[H-GEN] Choice of distro for server

mick bareman at tpg.com.au
Thu Mar 29 21:04:43 EDT 2012


On Fri, 30 Mar 2012 10:34:36 +1000
Julian DeMarchi <julian at jdcomputers.com.au> wrote:

> [ Humbug *General* list - semi-serious discussions about Humbug and     ]
> [ Unix-related topics. Posts from non-subscribed addresses will vanish. ]
> 
> On 03/30/2012 10:29 AM, mick wrote:
> > My Debian experience dates to the 6 months before the release of sarge and 2 months after. The difference between a generic (support EVERYTHING in modules) i386 kernel and one for P4 with 2GB RAM with all required support built-in was very noticeable especially when I pushed it to the edge of reality.
> 
> Wow sarge, thats like 4 years or more ago... You've had squeeze, lenny
> and soon wheezy in between.
> 
> I'd be curious for you to try it again and see how it rates in speed now...
> 
> A 500MB word document, I can attest takes at least 10 - 15 mins to load
> in Windows. I witnessed this when my mother created a document that big
> and she asked me why it took so long to load.
> 
> --julian

My gripe wasn't with the "out of the box" performance, a carefully customized kernel fixed that. The devs were faced with the choice of including either a very generic kernel or a selection of more refined kernels that might well confuse people and they chose the "one size almost fits almost everybody" option.
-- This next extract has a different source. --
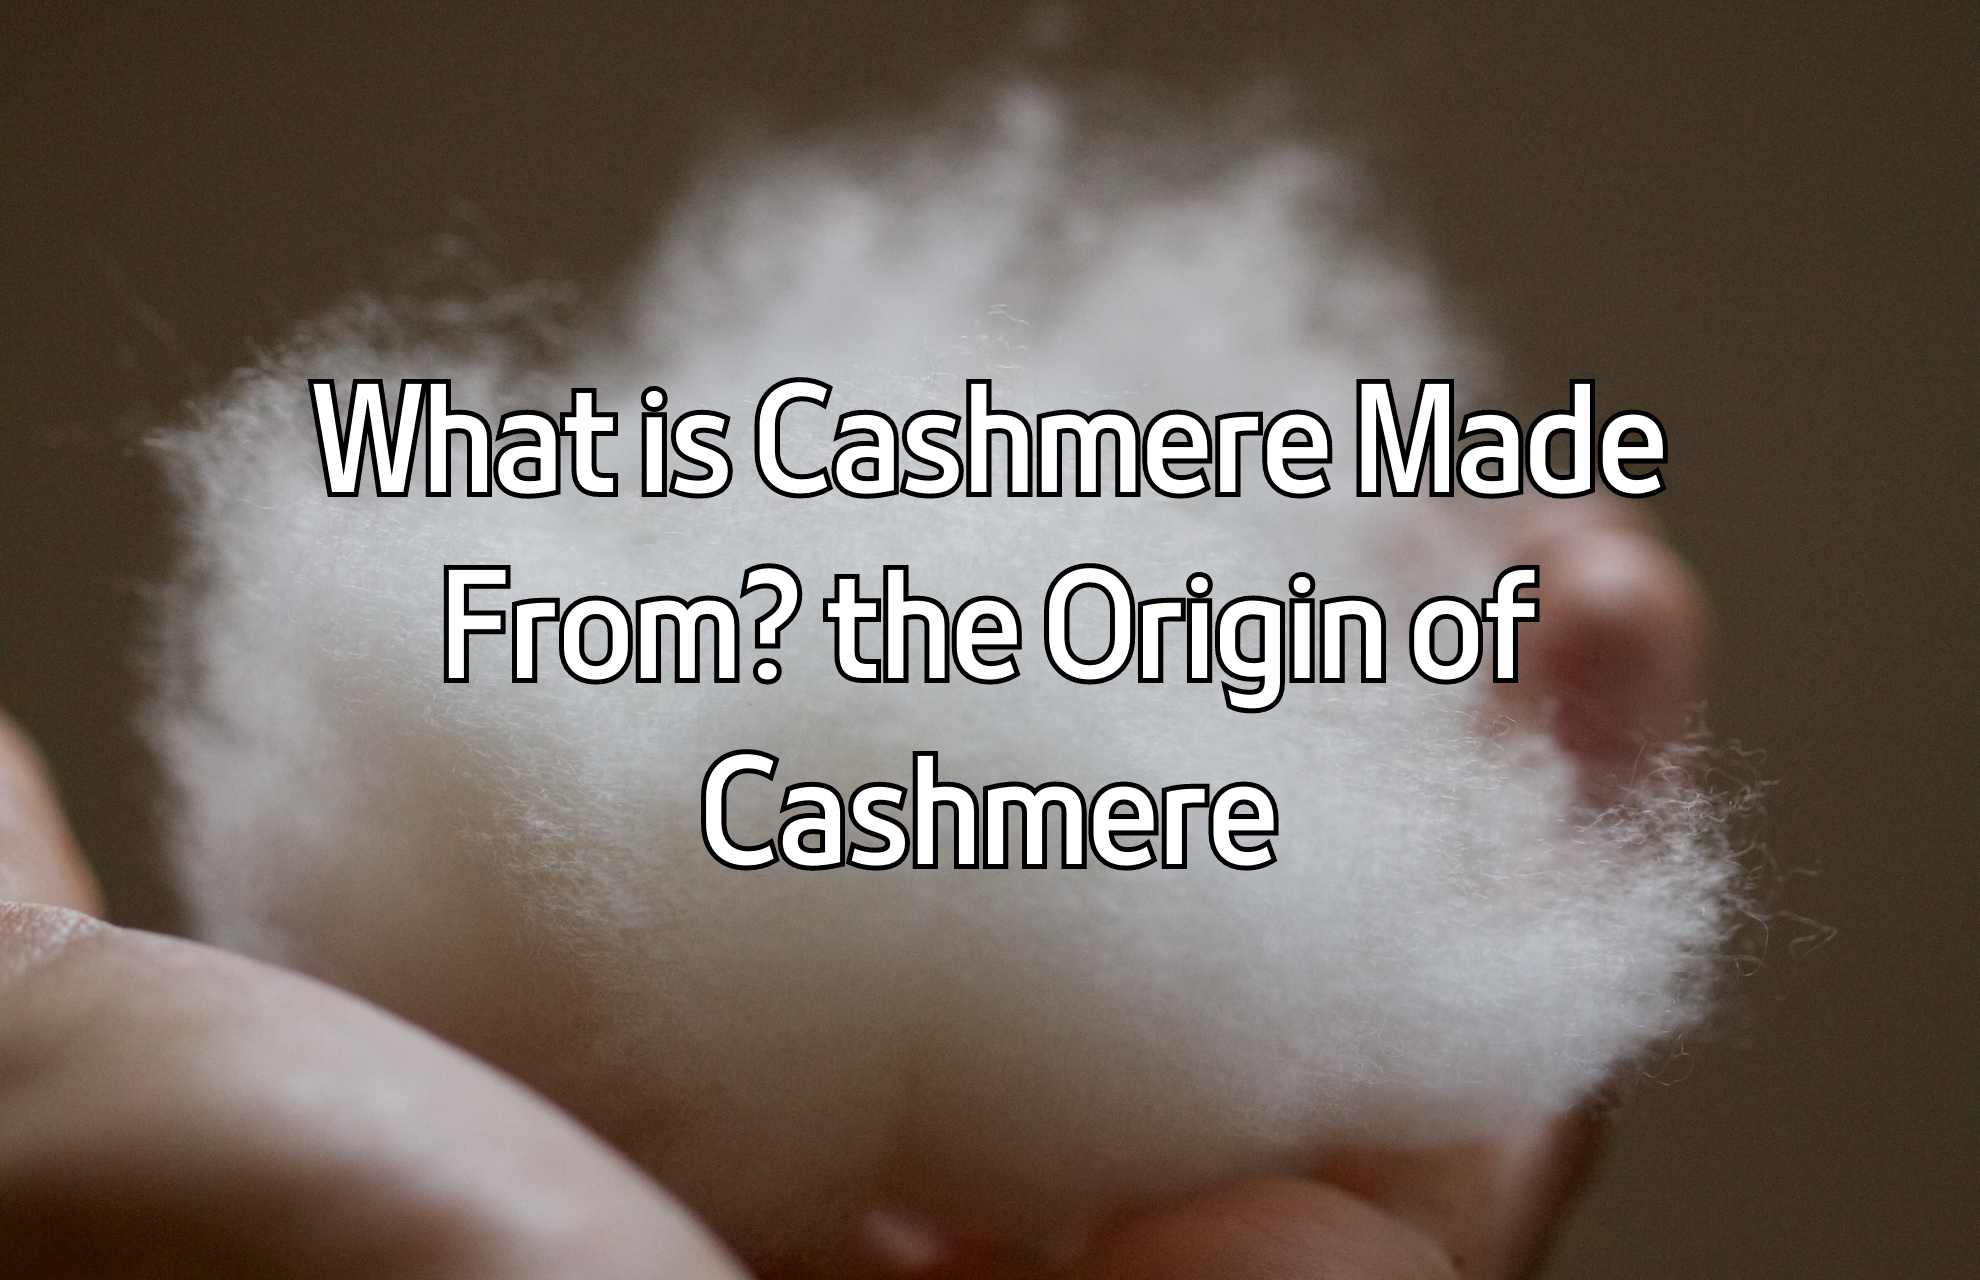 What is Cashmere Made From? the Origin of Cashmere

A logical choice given how easy building a kernel is.

Along comes selinux, sticking its slimy tentacles in all over the place and I could no longer boot custom kernels. 

For what its worth I always used vanilla sources rather than the Debian patched kernels except for one try with the Debian sources.

I'm not a performance junkie but I do tend to get anal about storage wasted by masses of unneeded optional 'features' that have been built in to or as dependencies of packages e.g. palm pilot and bluetooth supportbuilt in to email clients, address books, networking, etc.